I am stuck with Exercise 18.8, page 466 of Eisenbud's Commutative Algebra with a view towards Algebraic Geometry:
Let $k$ be a field. The task is to prove that $R:=k[x^4, x^3y, xy^3, y^4] \subseteq k[x,y]$ is not a Cohen-Macaulay ring, i.e. the length of a maximal regular sequence (i.e. a sequence of elements $a_1, \dots , a_r$ such that $a_i$ is not a zero divisor in $R/(a_1, \dots , a_{i-1})$) is smaller than the Krull dimension (length of a maximal chain of prime ideals).
The Krull dimension of the ring is bigger or equal than 2, hence it is enough to show that the length of a maximal regular sequence is at most one.
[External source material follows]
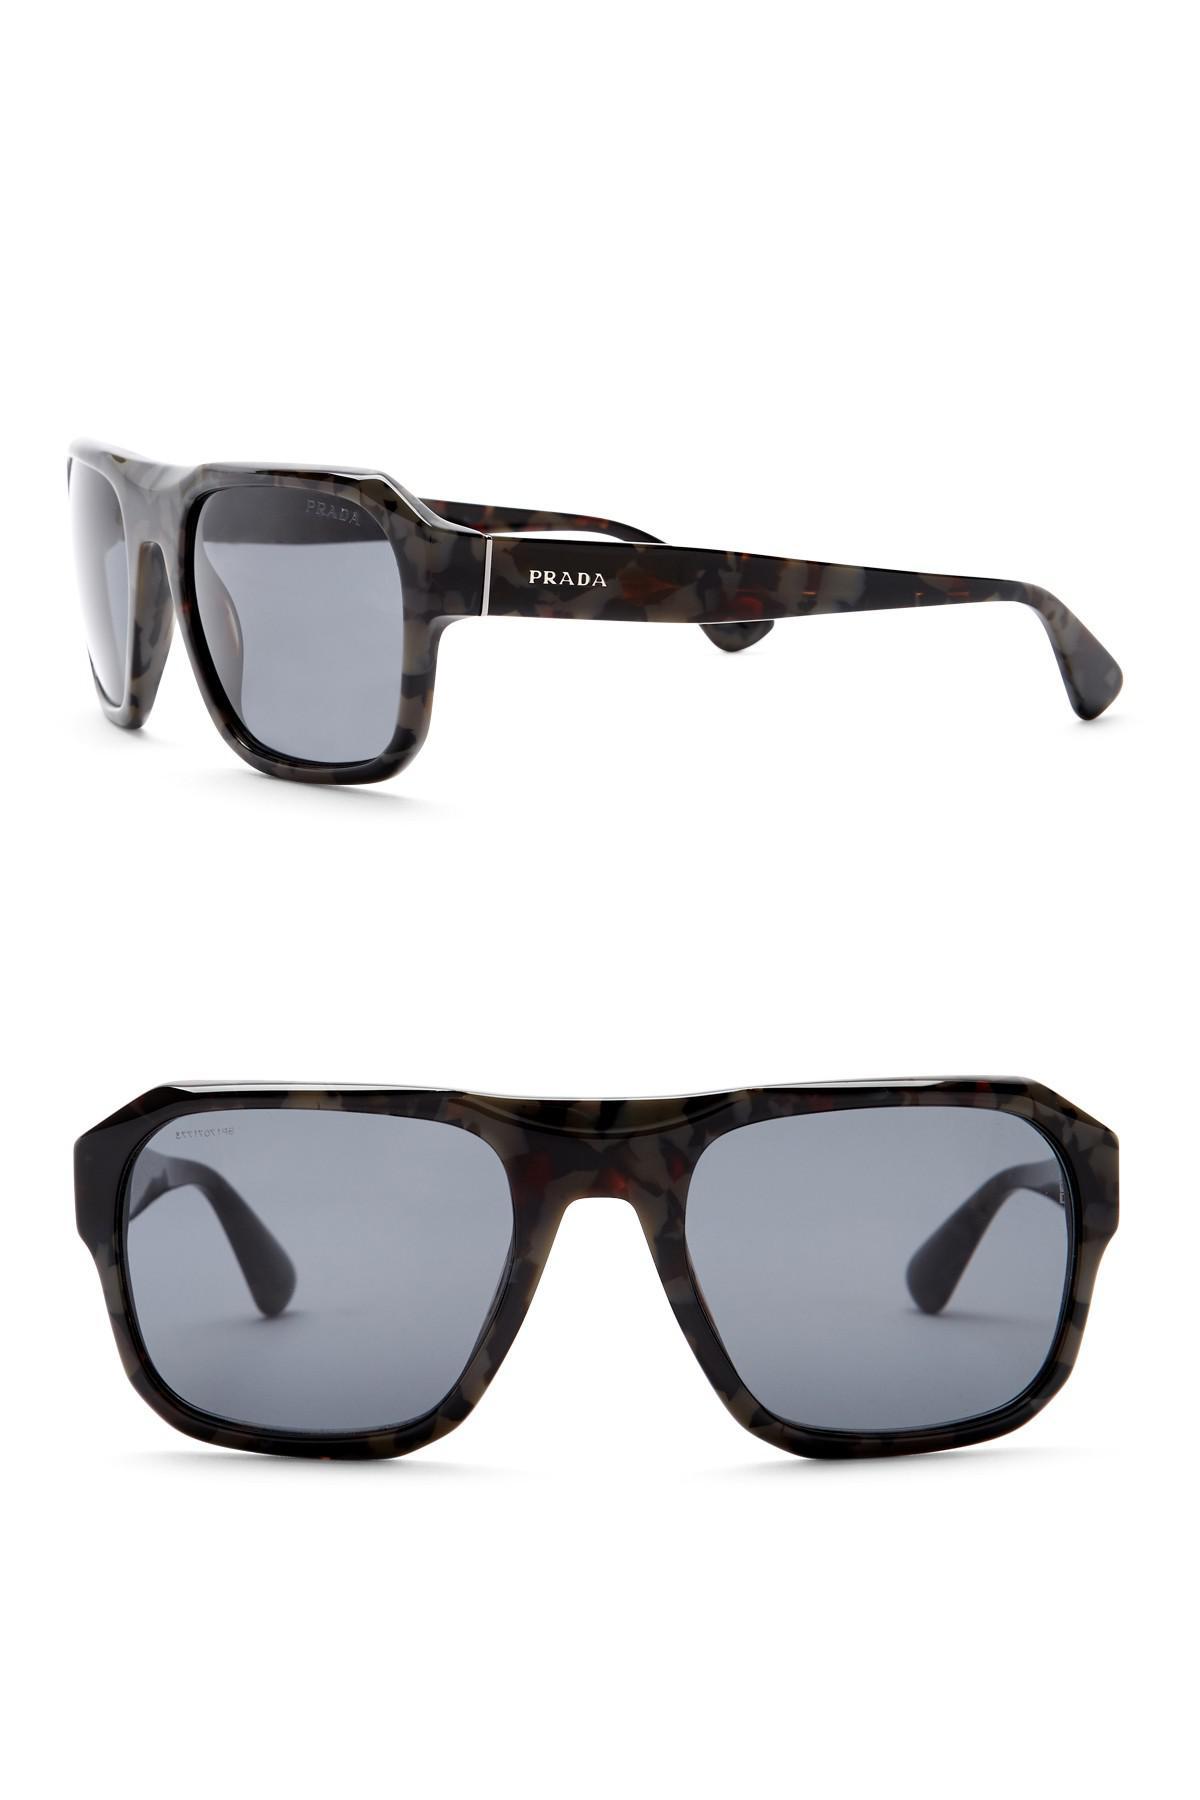 6dc7ca92b2f2f ... switzerland lyst prada womens square conceptual 55mm sunglasses in gray  1c77e f3116
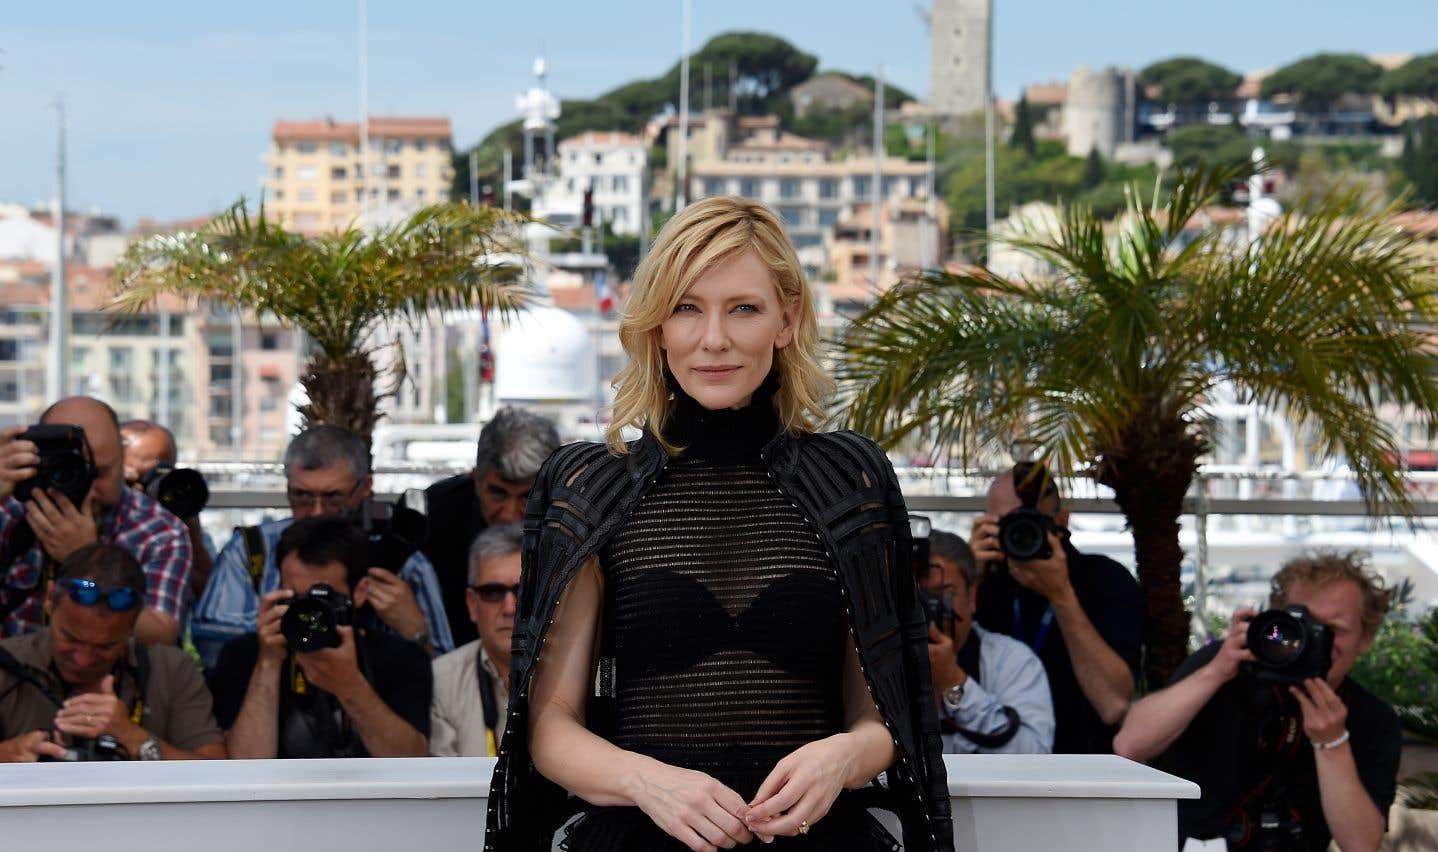 L'actrice australienne Cate Blanchett, au Festival de Cannes 2015

Our ring has the maximal ideal $\mathfrak m = (x^4, x^3y, xy^3, y^4)$ and for this we have the "system of parameters" $\{x^4, y^4\}$ (where "system of parameters" means that there exists an $n$ such that $\mathfrak m^n \subseteq (x^4, y^4)$ --- here $n=4$ works). There is a theorem saying that, given such a system of parameters, a maximal regular sequence can be built out of its elements (and any two maximal regular sequences have the same length). So it is enough to look how long a regular sequence we can build out of $\{x^4, y^4\}$. Since we want to show that we cannot achieve a sequence of length two, it is enough to show that $(x^4, y^4)$ is not a regular sequence.
This amounts to showing that $y$ is a zero divisor $R/(x^4)$. This should be a very concrete calculation but it is where I am stuck. Any help would be appreciated!